Start of Data extracts

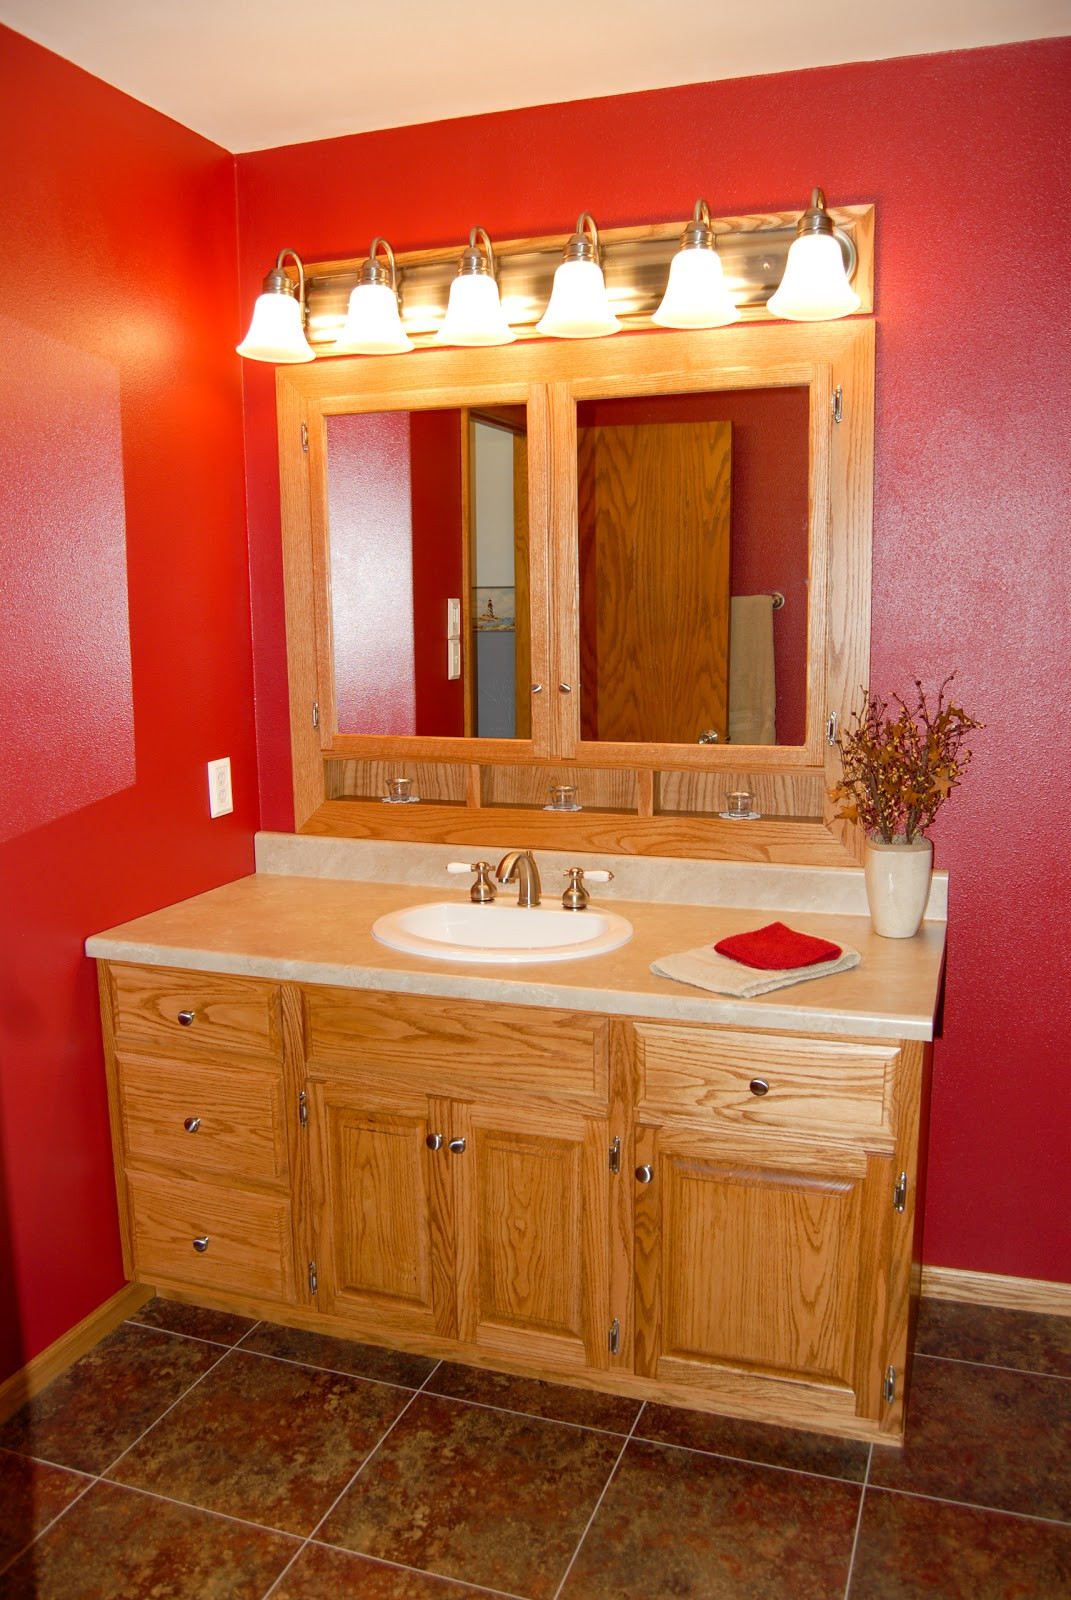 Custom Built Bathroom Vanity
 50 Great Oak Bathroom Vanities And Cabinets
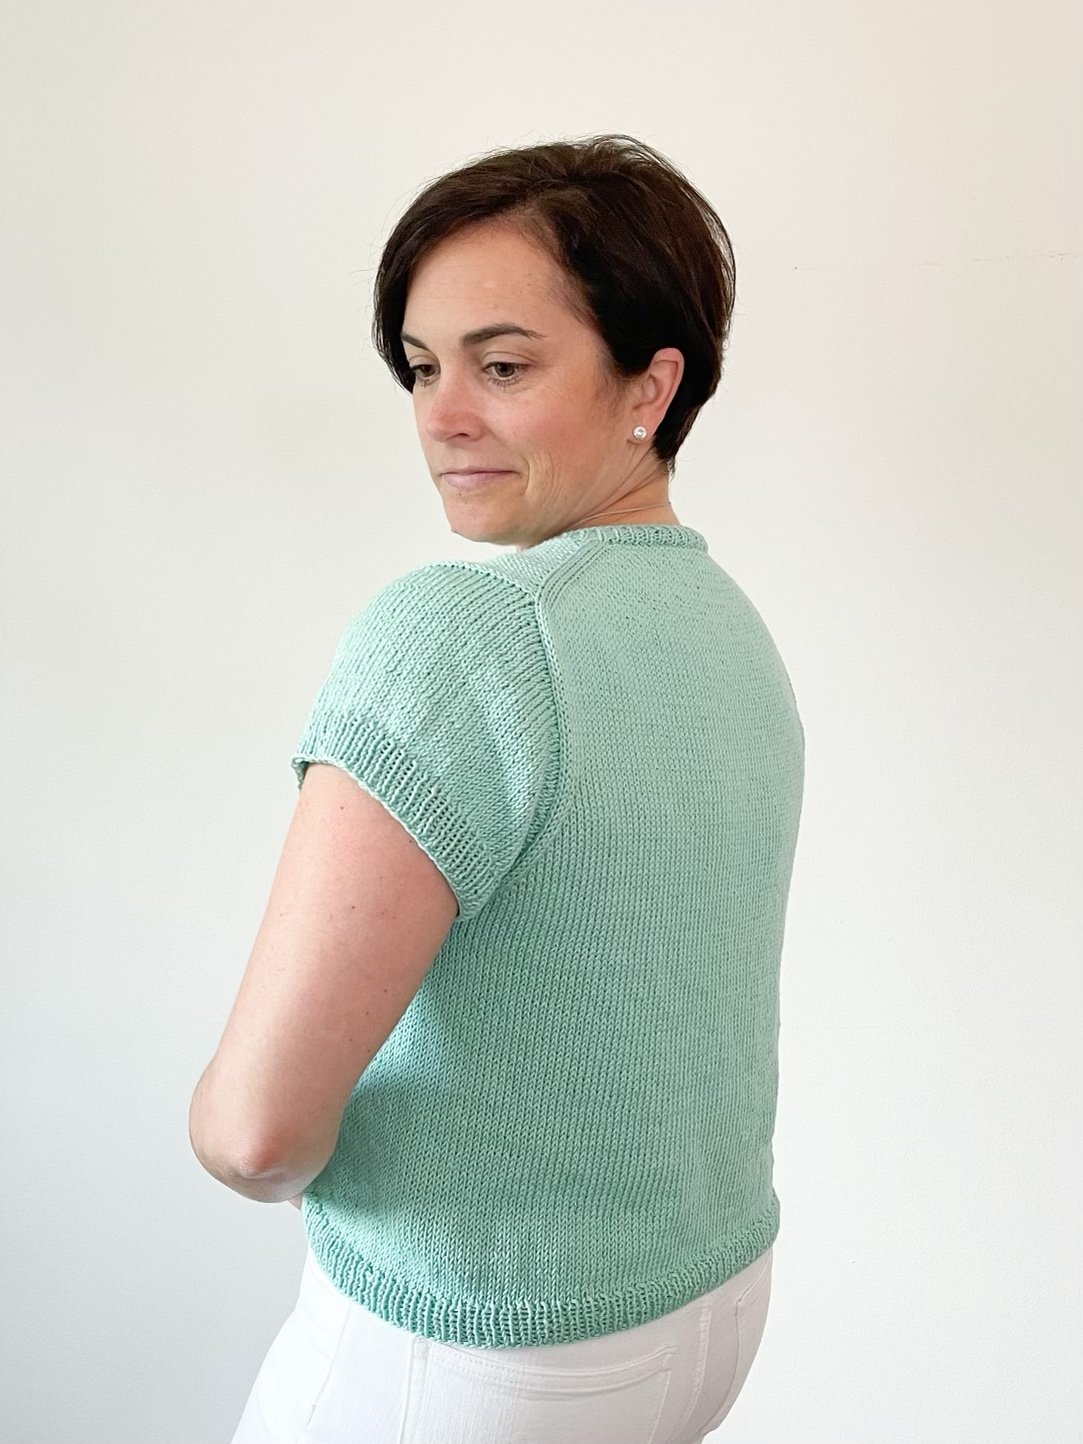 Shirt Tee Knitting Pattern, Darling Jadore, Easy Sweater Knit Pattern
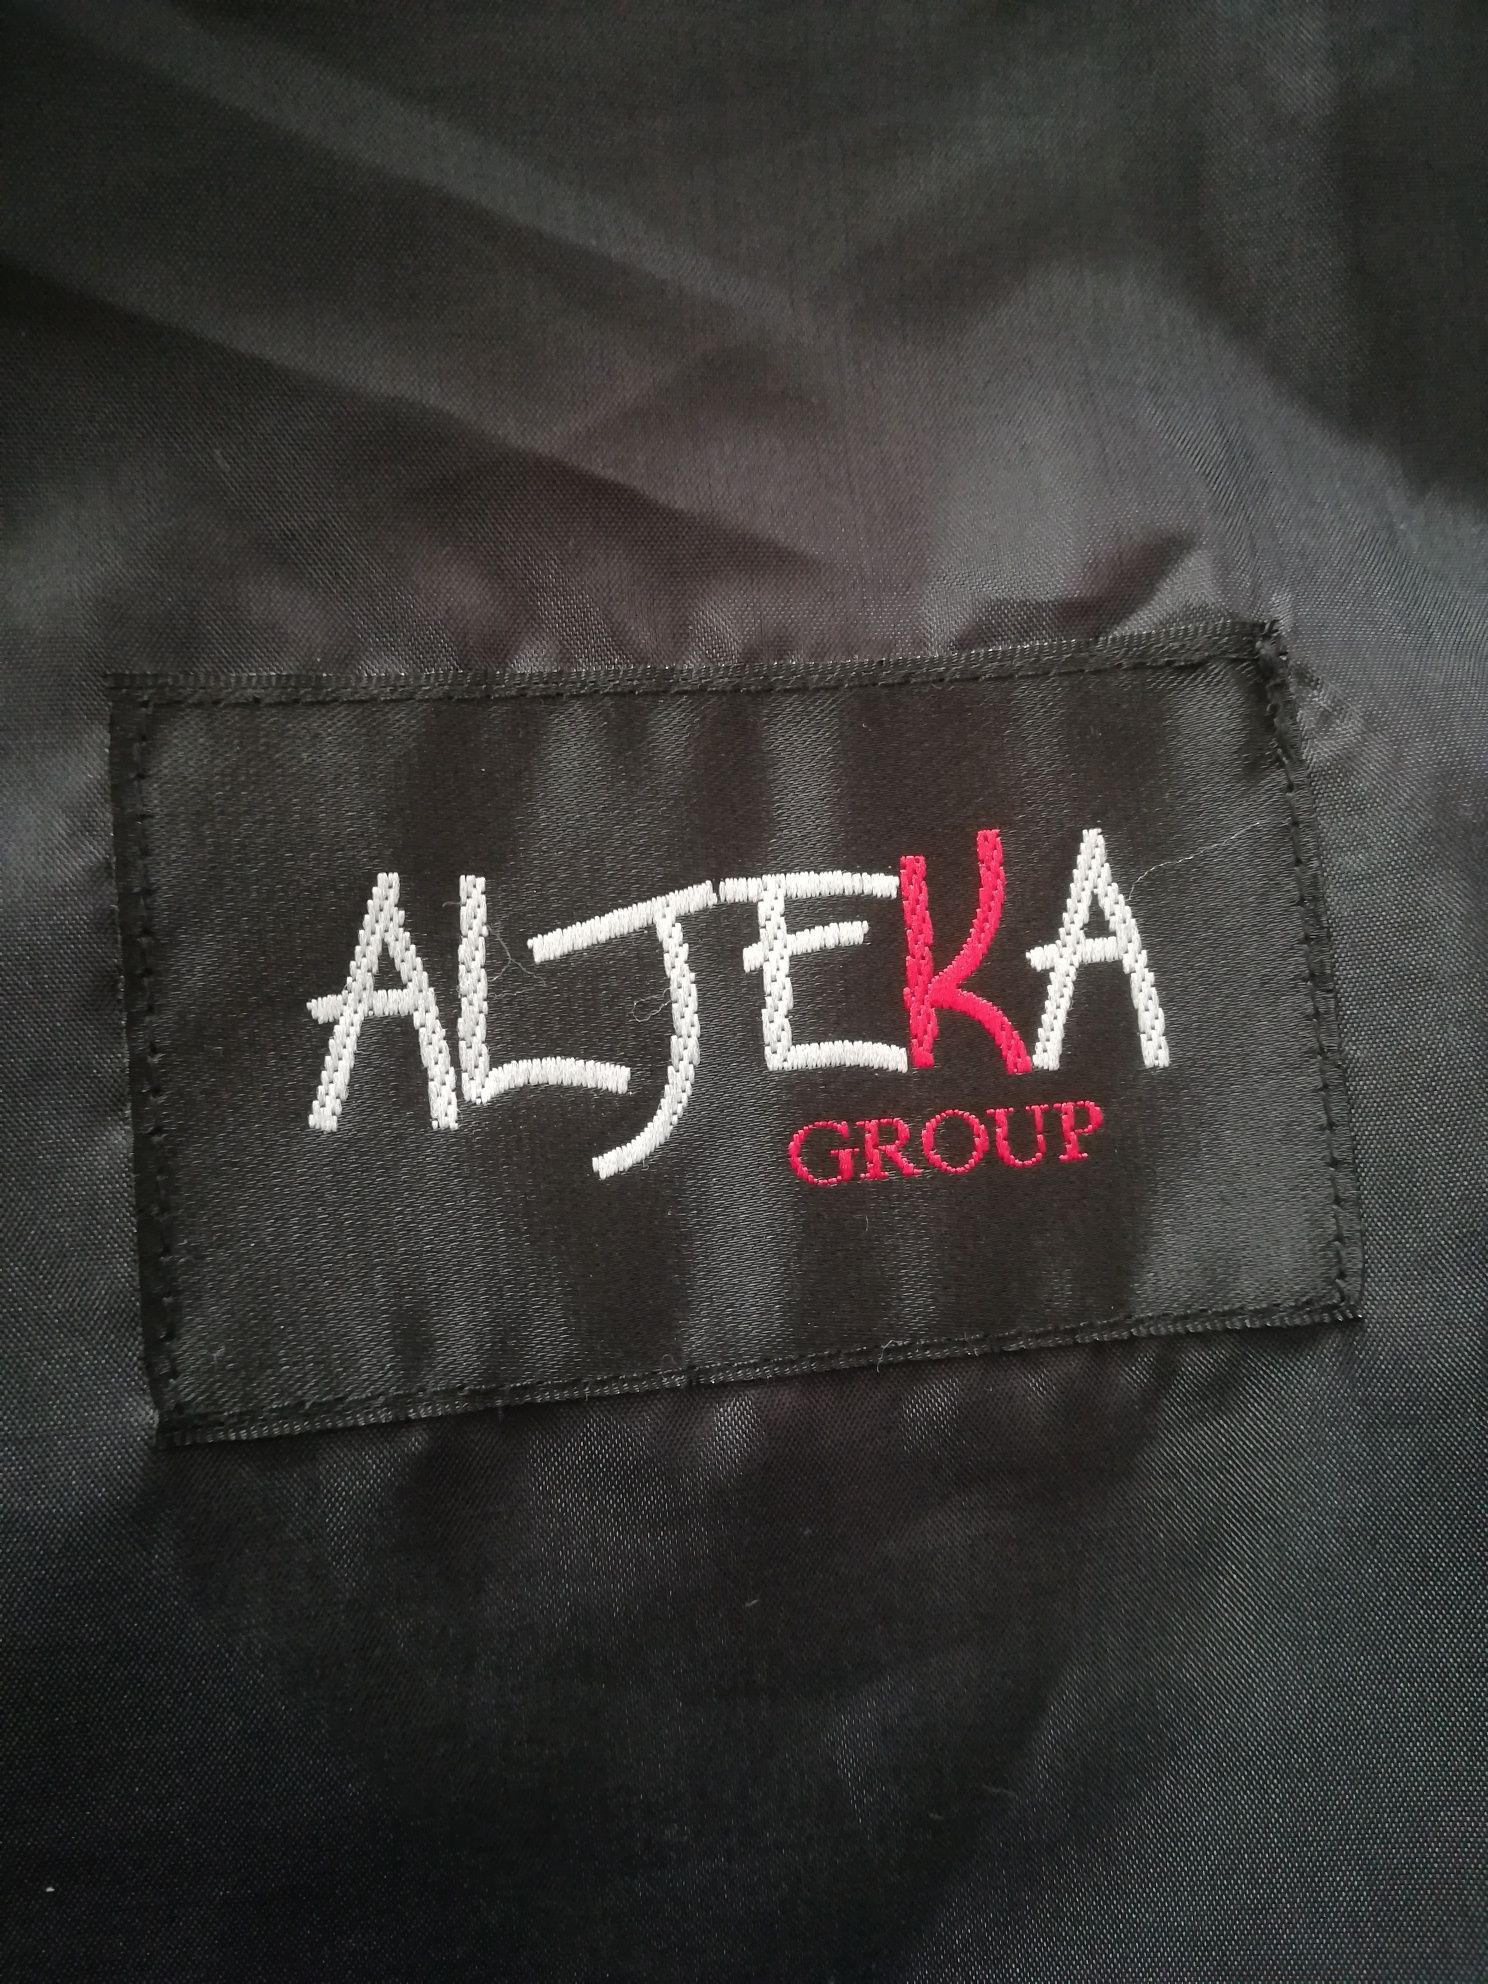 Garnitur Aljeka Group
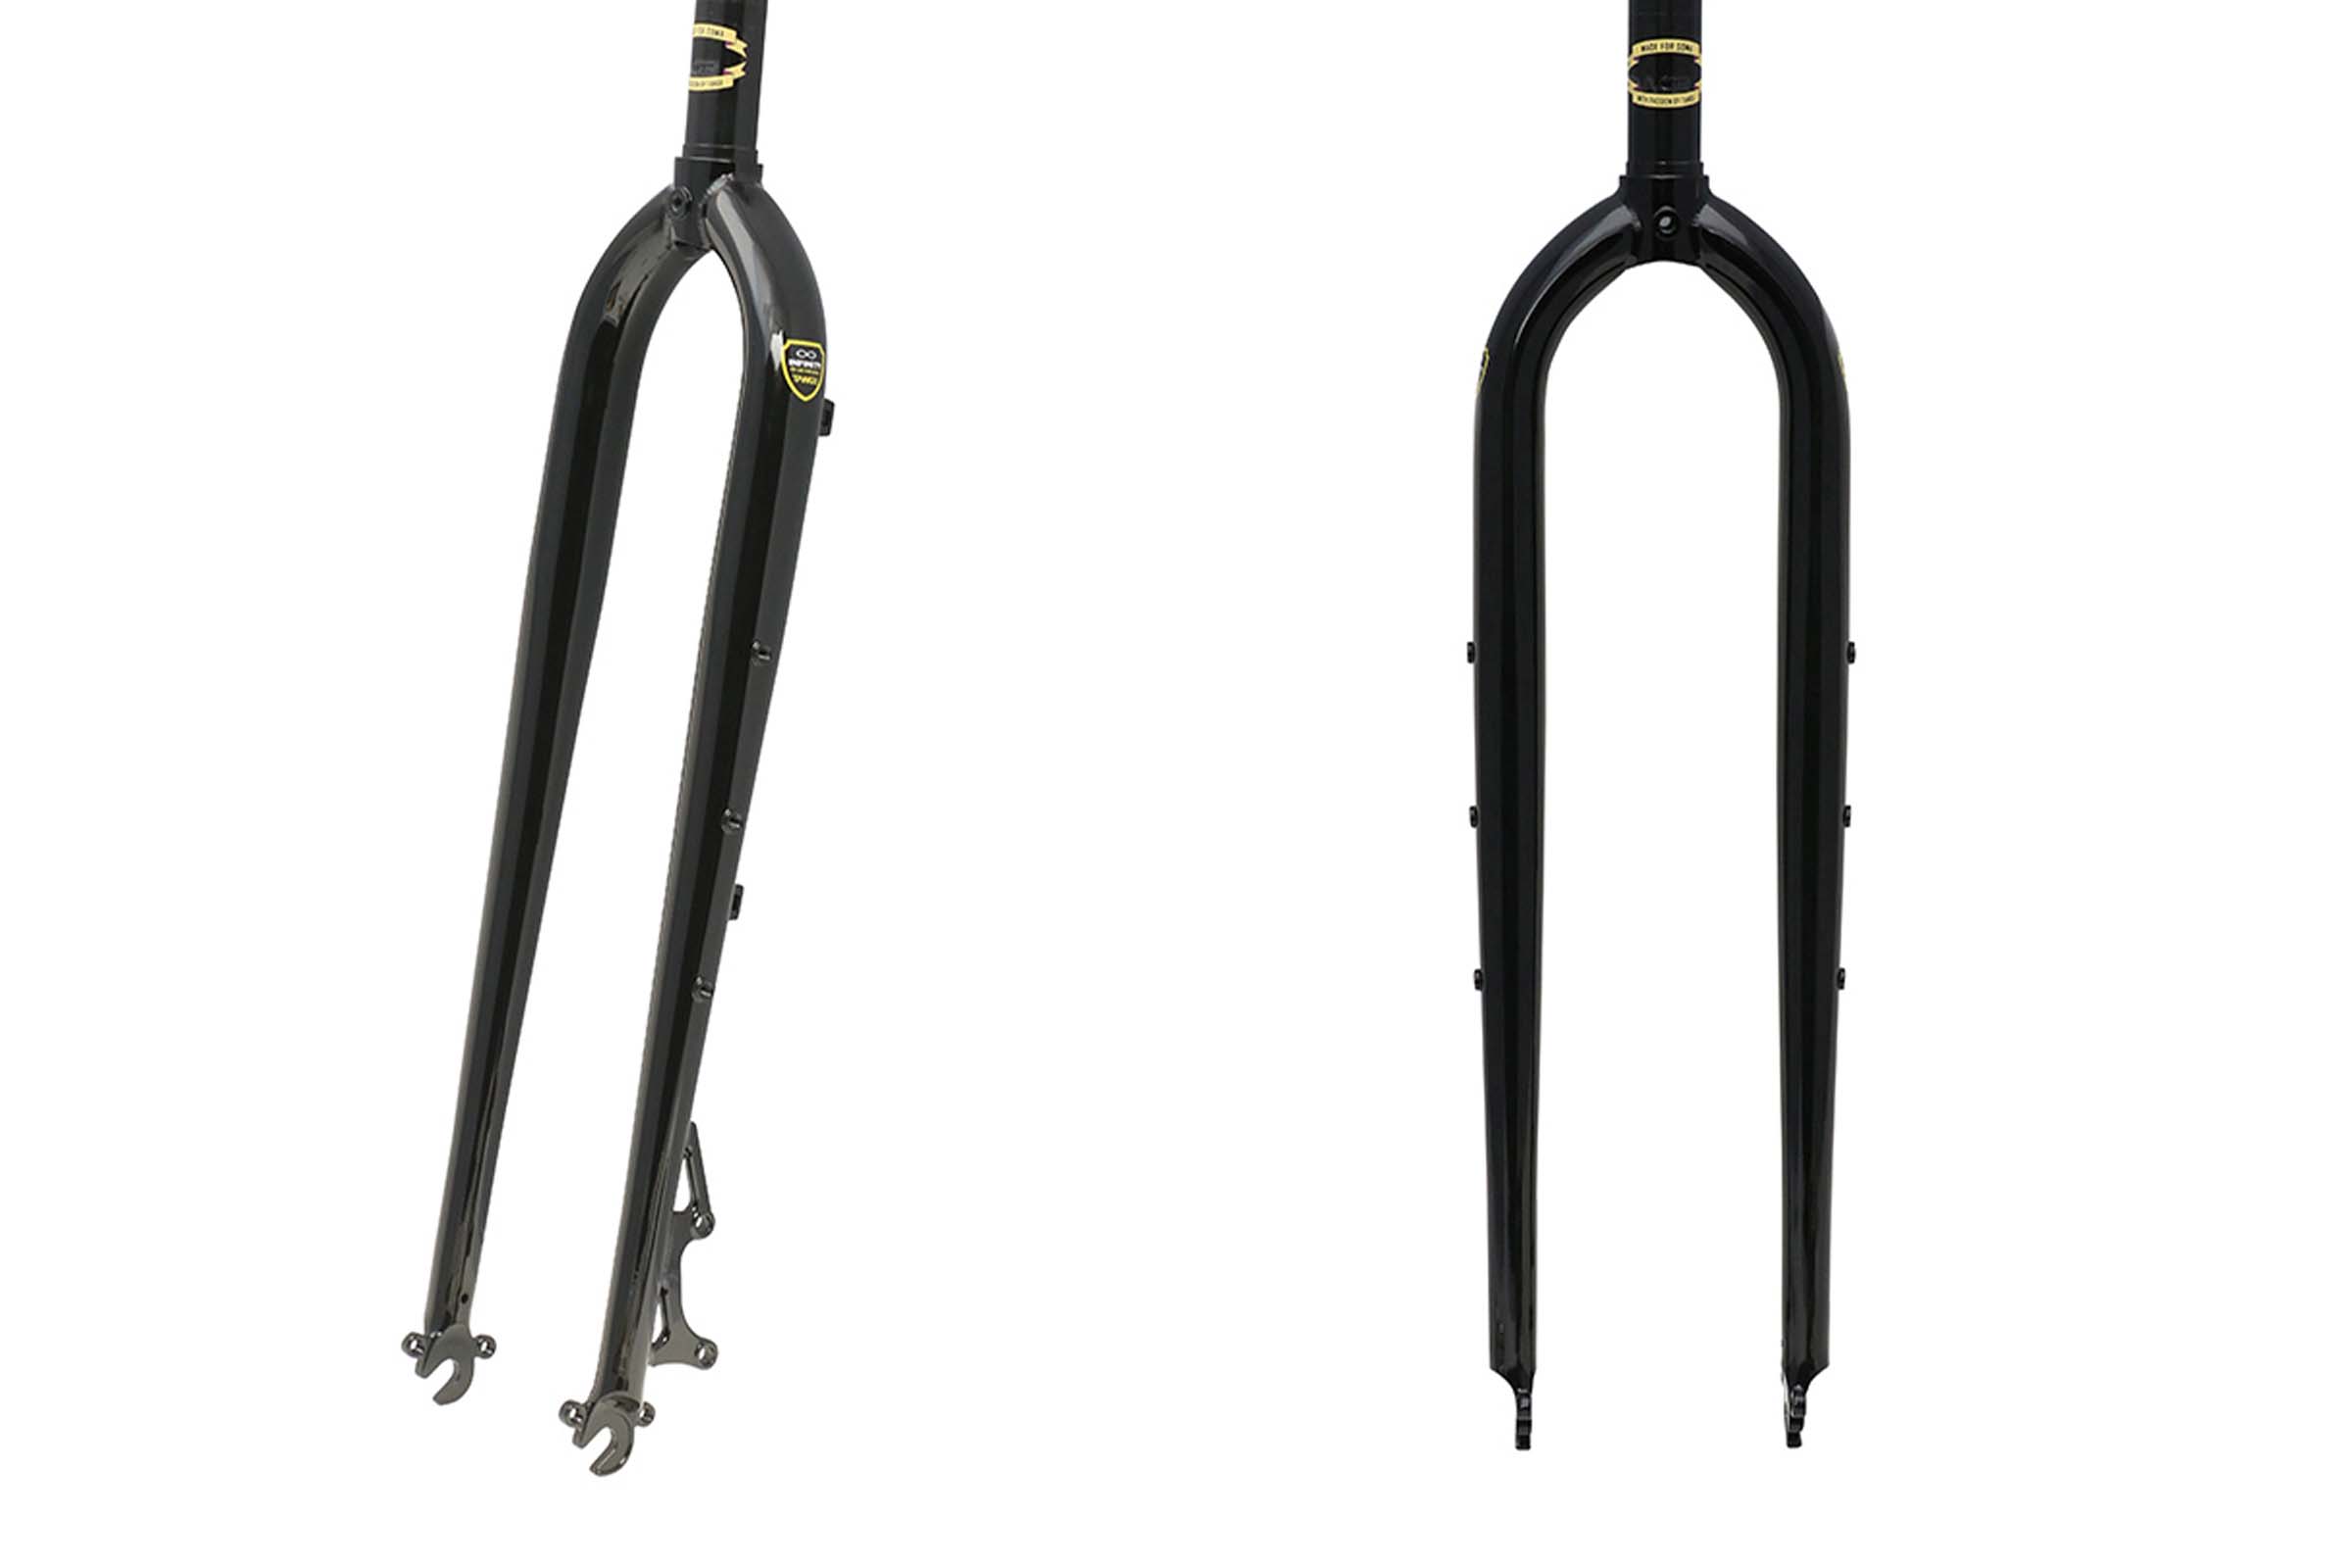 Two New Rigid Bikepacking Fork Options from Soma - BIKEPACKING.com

End of Data extracts

Pictures are to be left out; the records above must be repeated word for word.

Output below:
 Custom Built Bathroom Vanity
 50 Great Oak Bathroom Vanities And Cabinets
 Shirt Tee Knitting Pattern, Darling Jadore, Easy Sweater Knit Pattern
 Garnitur Aljeka Group
 Two New Rigid Bikepacking Fork Options from Soma - BIKEPACKING.com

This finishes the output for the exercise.